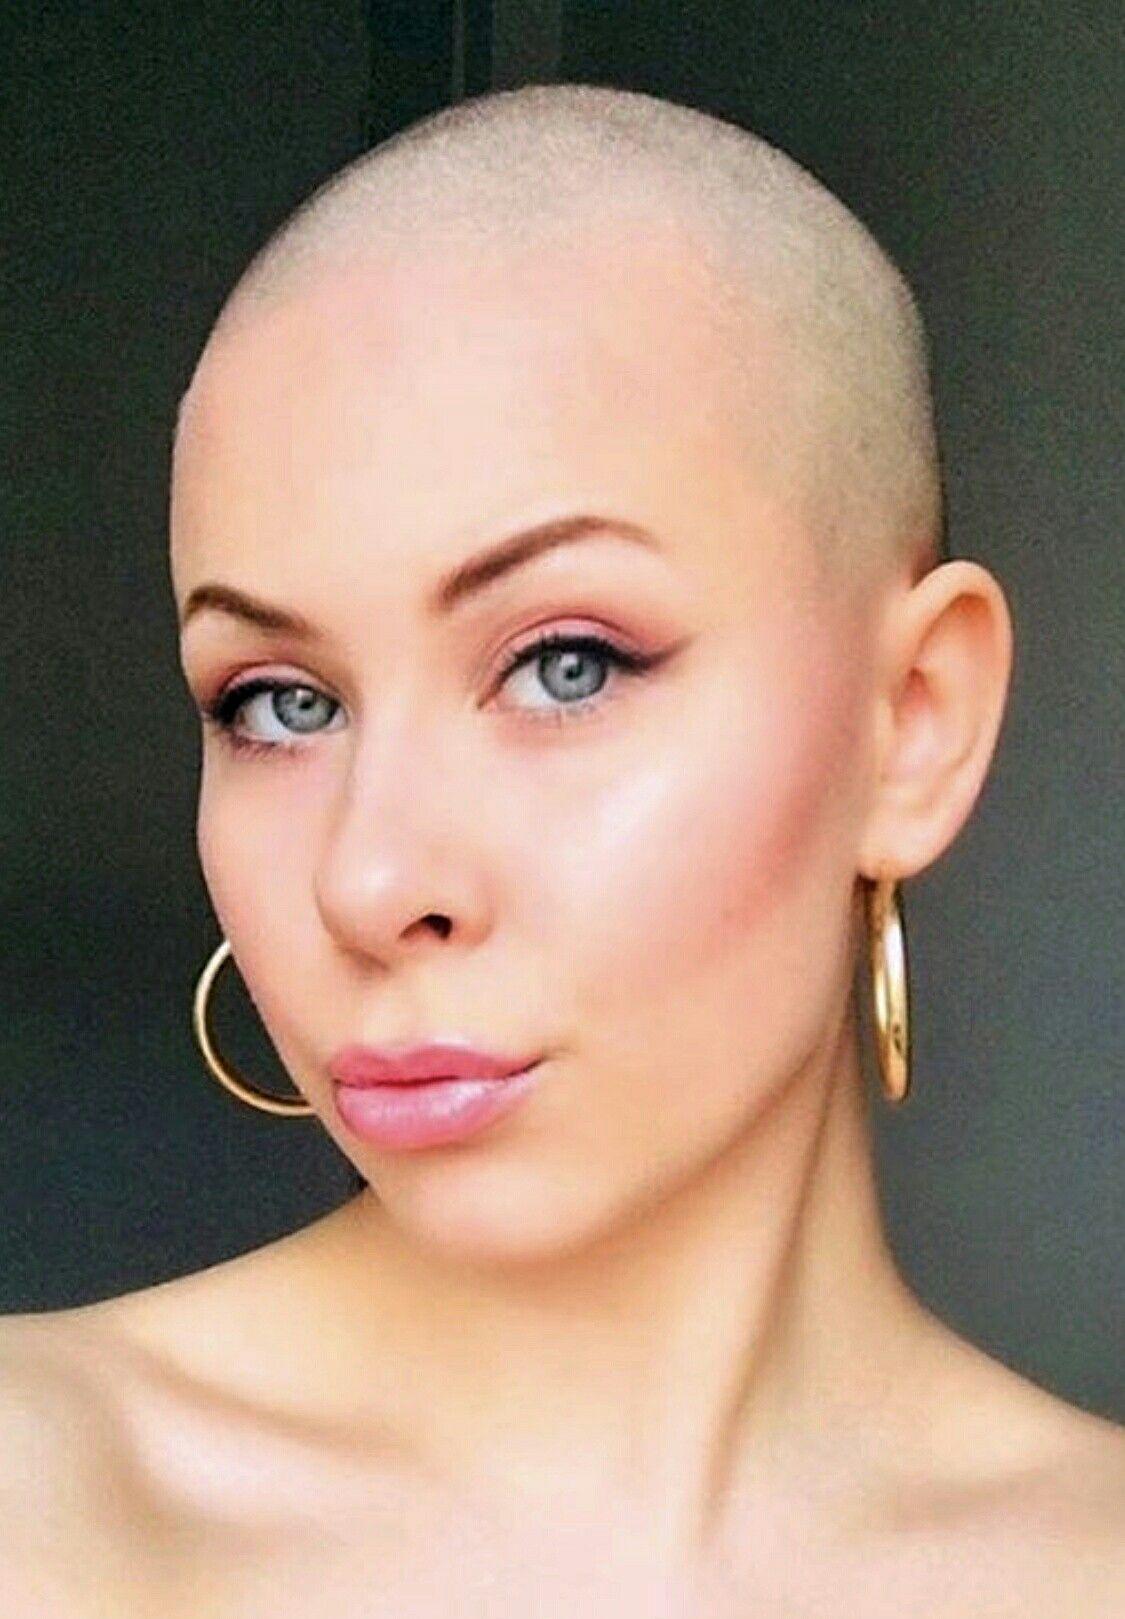 bald head 3.jpg
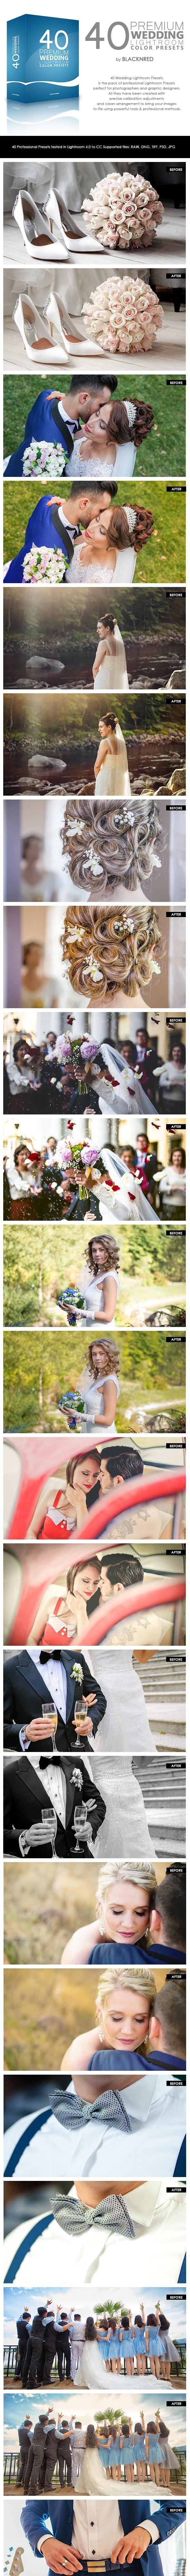 40 Premium Wedding Lightroom Preset Pack - Lightroom Presets Add-ons
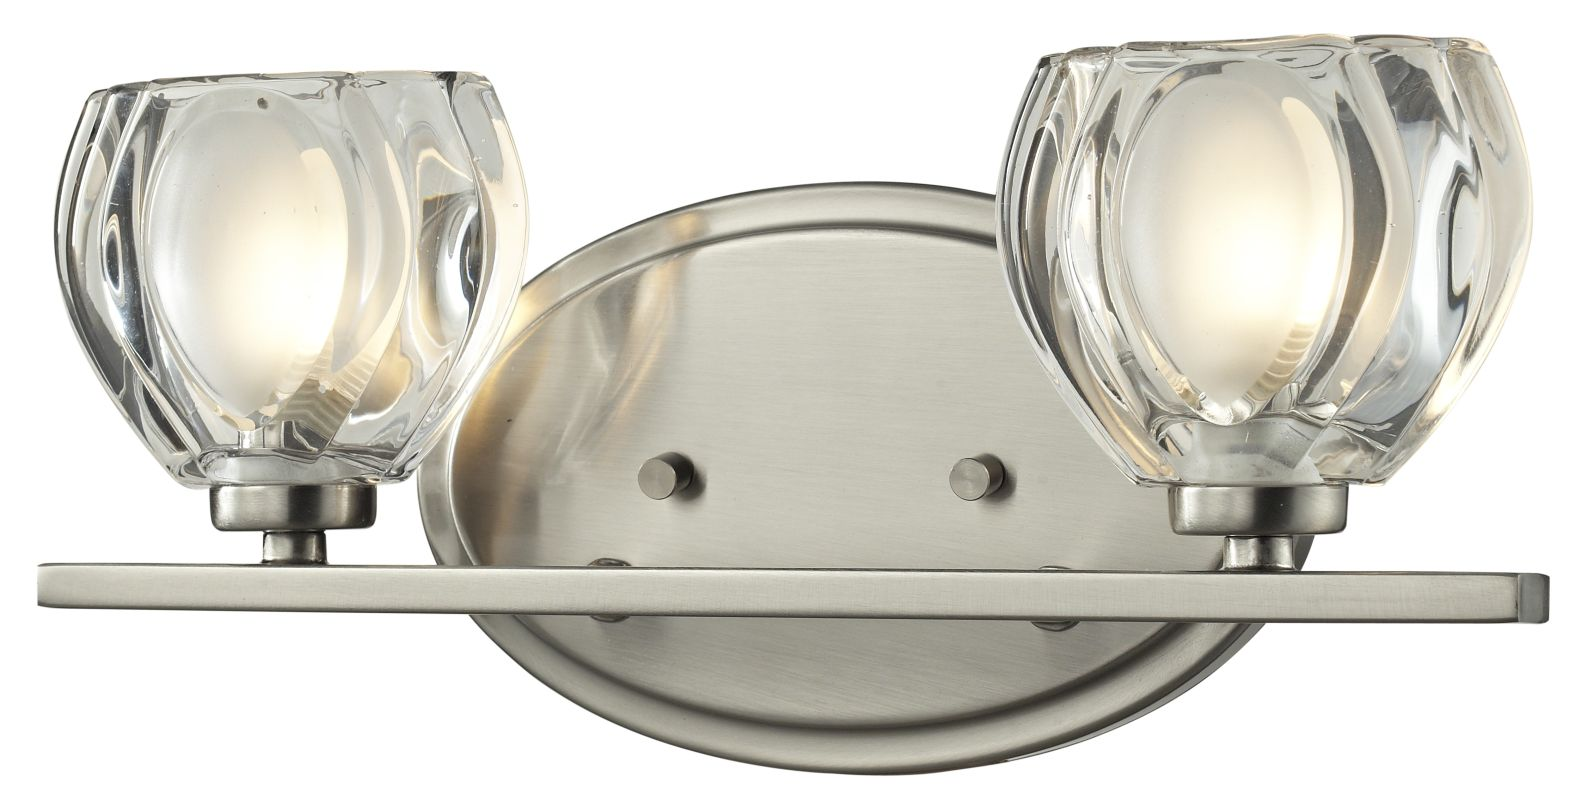 Z-Lite 3022-2V Hale 2 Light ADA Compliant Bathroom Vanity Light with
++++++
● Task details
Restate the data word for word without pictures.

● Result of this exercise
 bald head 3.jpg
 40 Premium Wedding Lightroom Preset Pack - Lightroom Presets Add-ons
 Z-Lite 3022-2V Hale 2 Light ADA Compliant Bathroom Vanity Light with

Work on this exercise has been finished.